▶ Materials provided
——

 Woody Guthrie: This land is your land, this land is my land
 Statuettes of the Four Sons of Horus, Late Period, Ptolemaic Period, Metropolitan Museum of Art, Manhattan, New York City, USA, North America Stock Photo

——

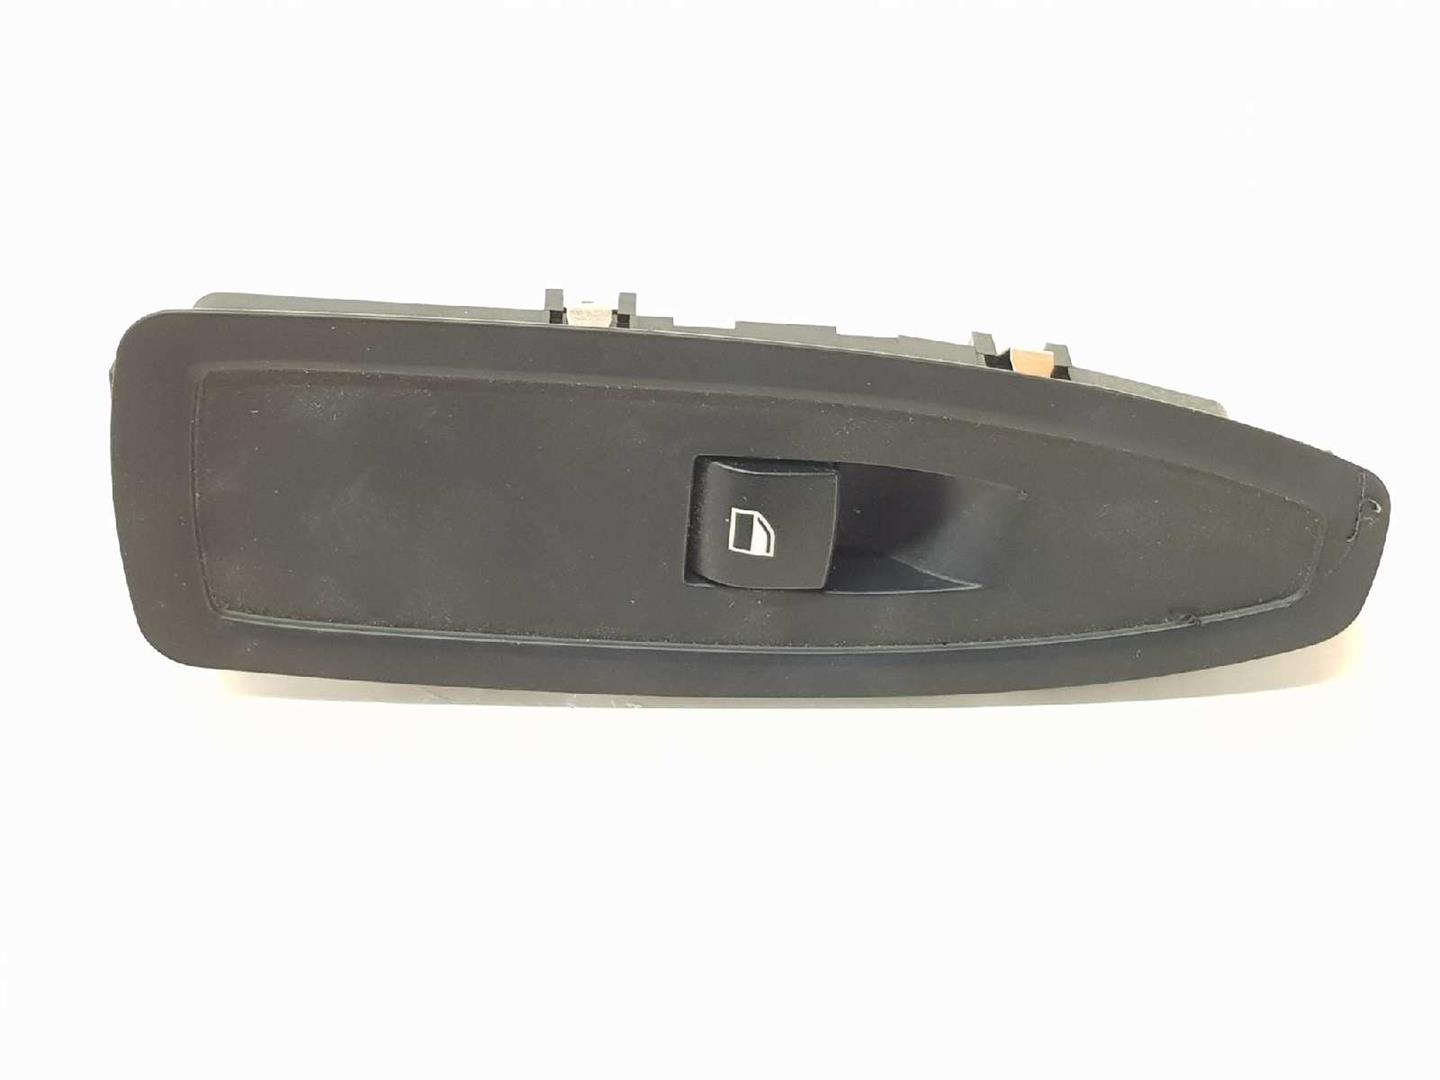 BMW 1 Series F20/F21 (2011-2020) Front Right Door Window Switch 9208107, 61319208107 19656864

——

Look through the entries above and quote exactly the lines from the line with "Woody Guthrie: This" to the line with "Statuettes of the", counting both of those lines.

▶ Solution to this problem
 Woody Guthrie: This land is your land, this land is my land
 Statuettes of the Four Sons of Horus, Late Period, Ptolemaic Period, Metropolitan Museum of Art, Manhattan, New York City, USA, North America Stock Photo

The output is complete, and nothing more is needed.